Gavin Day, Senior Vice President of Technology at SAS, has been with the company for two decades, entering the company through the acquisition of Dataflux, a data management company. He has previously run SAS’s sales and consulting arms, and today he oversees technology development in the SAS R&D division, and is responsible for defining and communicating its technology vision, product management and product strategy. “I spend the majority of my time with customers, with the media, and with our analyst community, thinking and talking about where we are headed, and why we are going there,” he explains. We sat down virtually with Day about his journey through analytics, what’s happening in the SAS R&D labs, and what’s next for analytics on the horizon.

You have been with SAS way before there was cloud computing, and before AI and ML became a mainstream part of analytics. How has the journey been, and what was it like to see these developments in the field of analytics?

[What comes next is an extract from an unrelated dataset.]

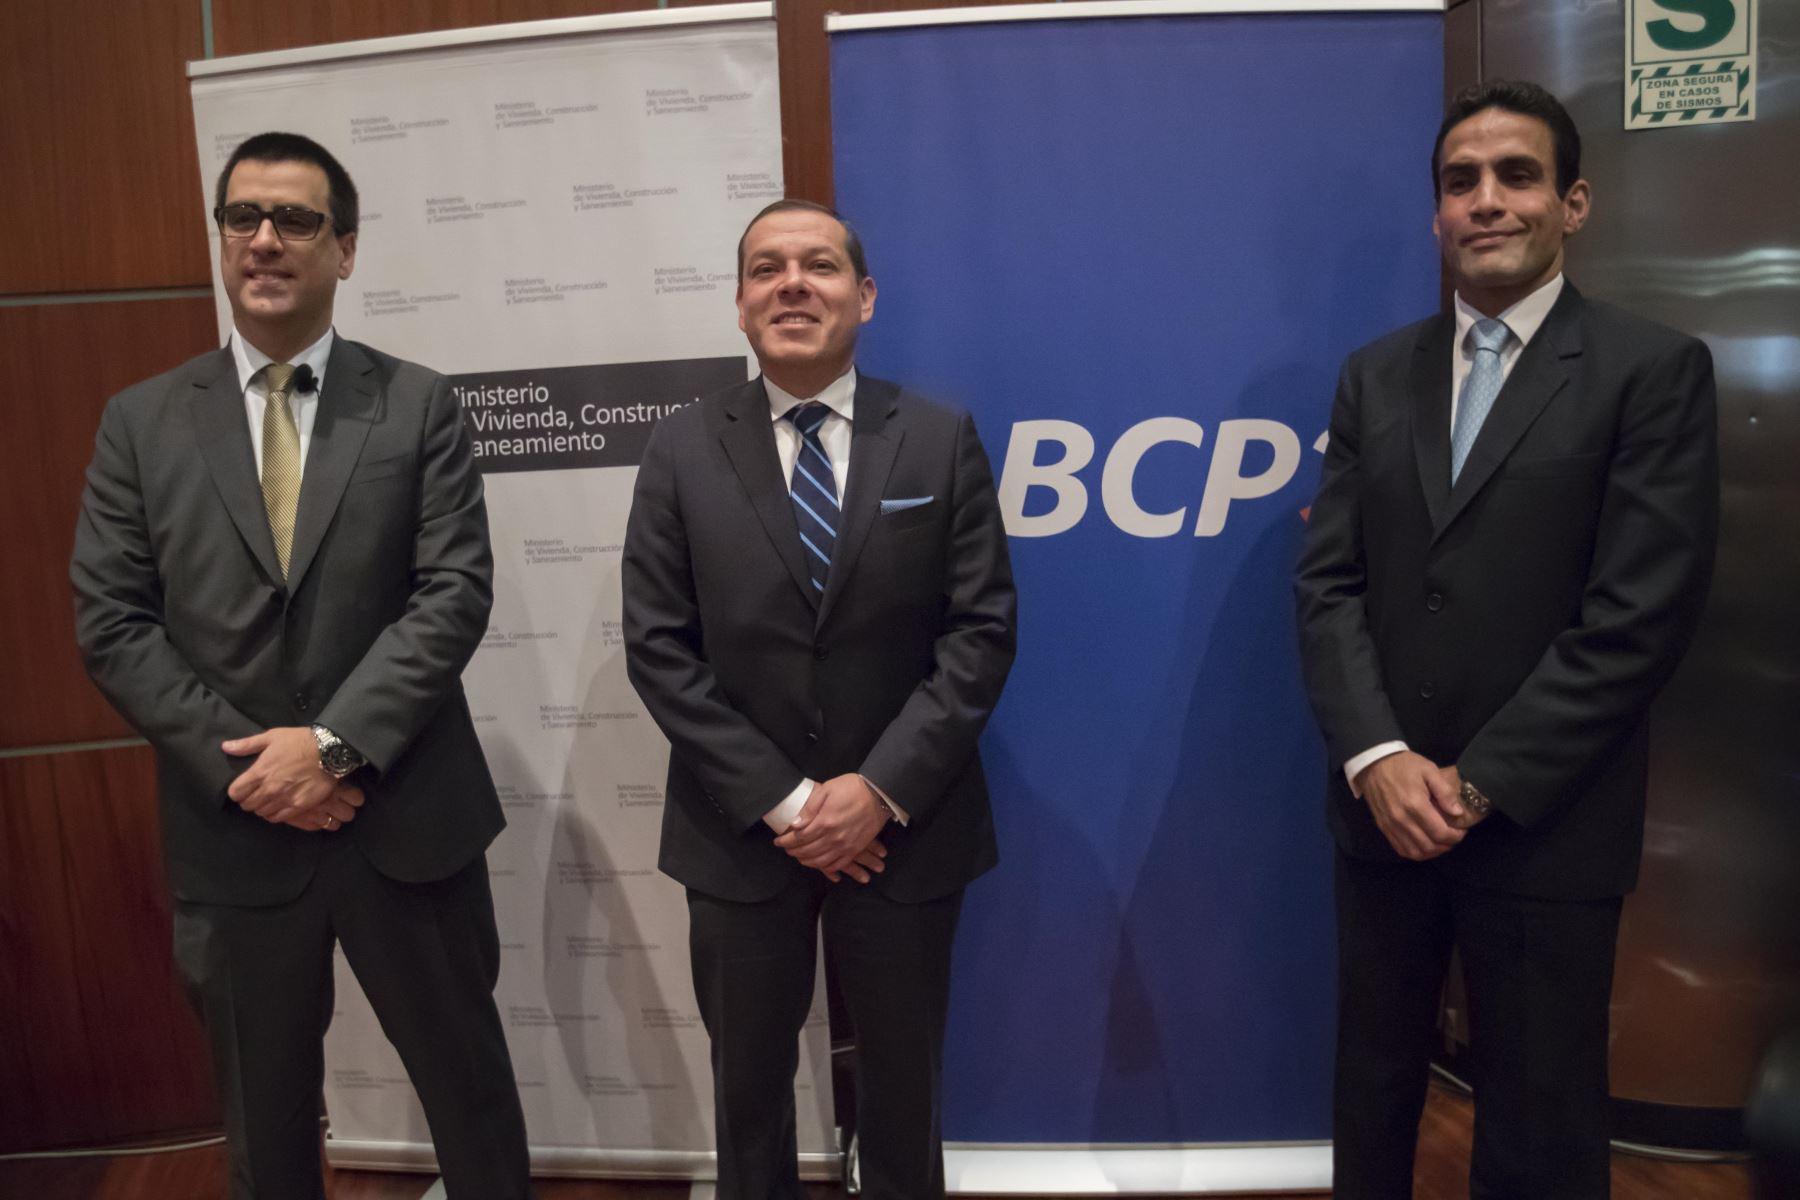 Viceministro de Vivienda y Urbanismo, Jorge Arévalo, flanqueado por ejecutivos del BCP.

I think one very positive result from all of that is that it has really sped up the adoption of data and analytics from a customer-user perspective. Analytics now is not only for the highly educated or the highly skilled, or the people that have been doing analytics and statistics for years and decades. We have lowered the barrier of adoption now. So, if you are a data scientist, you have an entry point into analytics. If you are a business user and you want to use a drag-and-drop interface, we have that as well. Or if you are an open-source programmer, and you want to interact with SAS or another vendor, you also have an entry point. So I think lowering the barrier of entry has been really good.

Back to the question, it absolutely has been a journey. Analytics had been education- and academic-based for a very long time, and then we moved into mainframe servers, we had the Hadoop big data craze that we all had to figure out, and now the journey to the cloud has encompassed everyone. When I talk to customers or members of the media or the analyst community, I think we are going to continue to see this.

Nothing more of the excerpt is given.